Rural development in India has witnessed several changes over the years in its approaches, strategies and programmes. In the current scenario when India has to be globally competitive in order to stand in the international market, developmental work has assumed a new dimension and perspective.
One of the primary objectives of Rural Development Programmes is alleviation of poverty and unemployment through creation of basic social and economic infrastructure, provision of training to rural unemployed youth and providing employment to marginal farmers to discourage seasonal and permanent migration to urban areas.
Rural development can be enriched and made more contextual only through the participation of all stakeholders of development. Today, agriculture, handicrafts, fisheries, poultry, and dairy are the primary contributors to the rural business and economy. These have to be fostered,through participatory efforts of the people.
Quick and correct implementation is the touchstone of all planning, and people’s participation plays a central role in the holistic and meaningful development of rural areas.
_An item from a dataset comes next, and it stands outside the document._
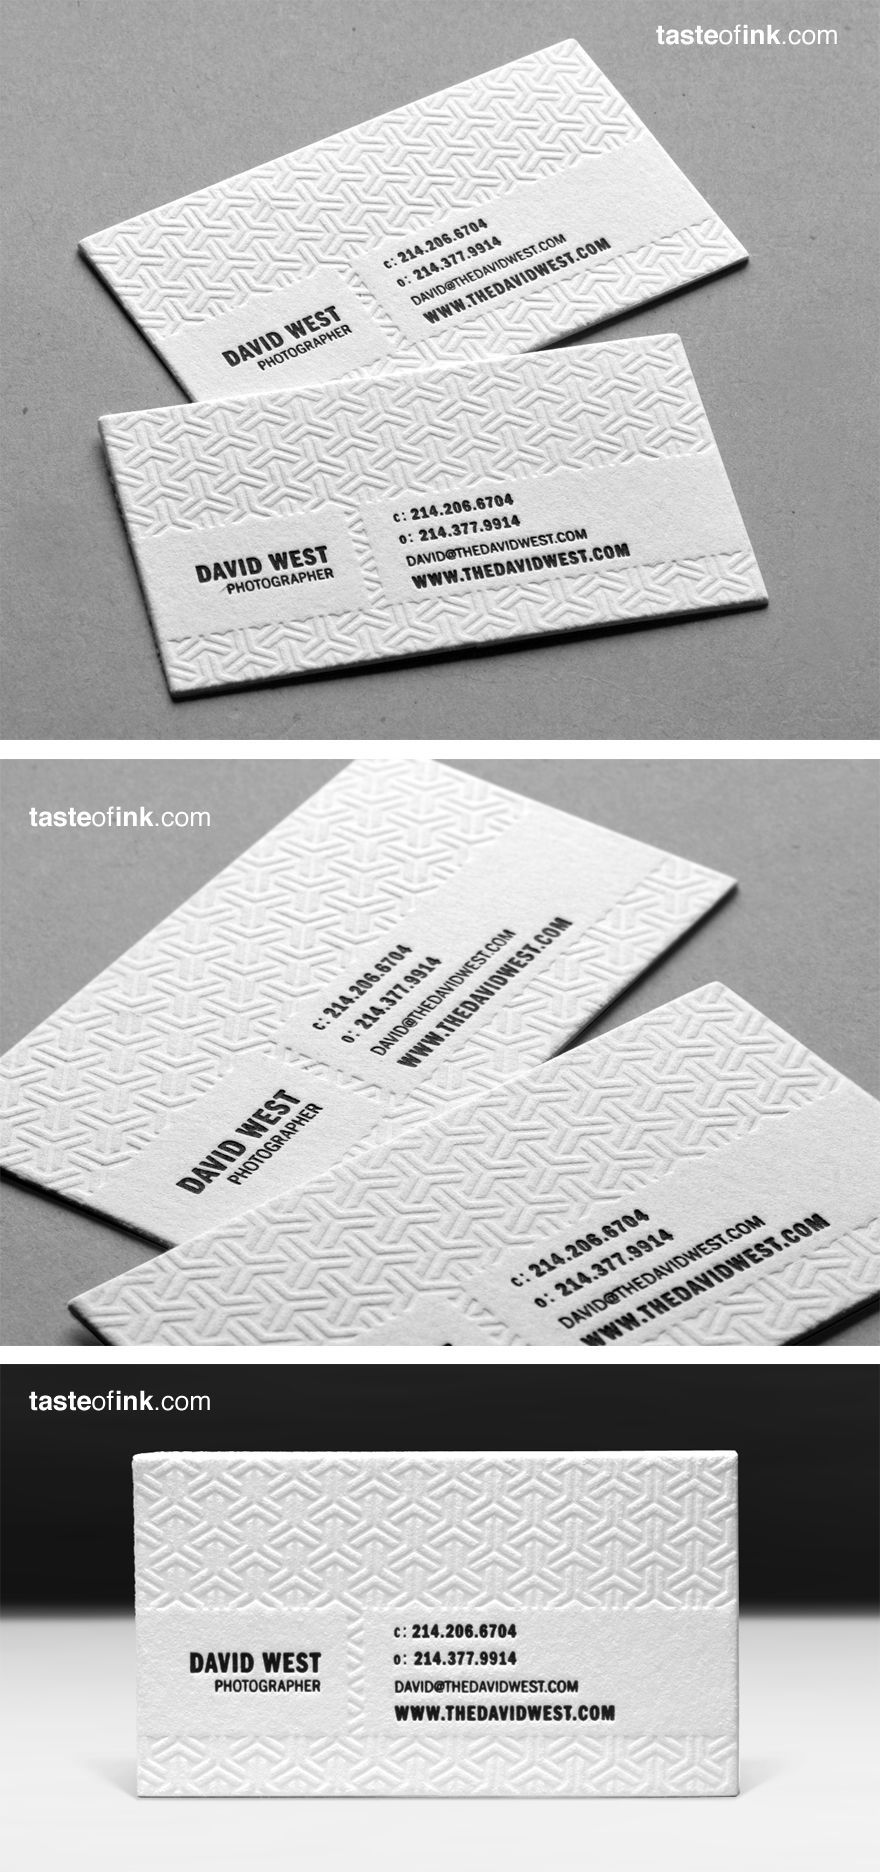 Blind Impression Name Card Design Photography Business Cards

People’s participation is one of the foremost prerequisites of development process both from procedural and philosophical perspectives, as stressed by the Ministry of Rural Development.
This is where the lacuna remains. For decades, various ideological groups have tried to exploit the situation of rural peoples’ ignorance, illiteracy and lack of understating of long-term benefits of the policies. We need concerted efforts from persuasive and like-minded groups to facilitate understanding and to bring people on a common platform.
In the last few years, some significant signs have been seen in some parts of India, yet there are miles to go before we see an overall growth. This issue of CSR Mandate brings some meaningful stories on development and growth in the rural sector, hunger and malnutrition.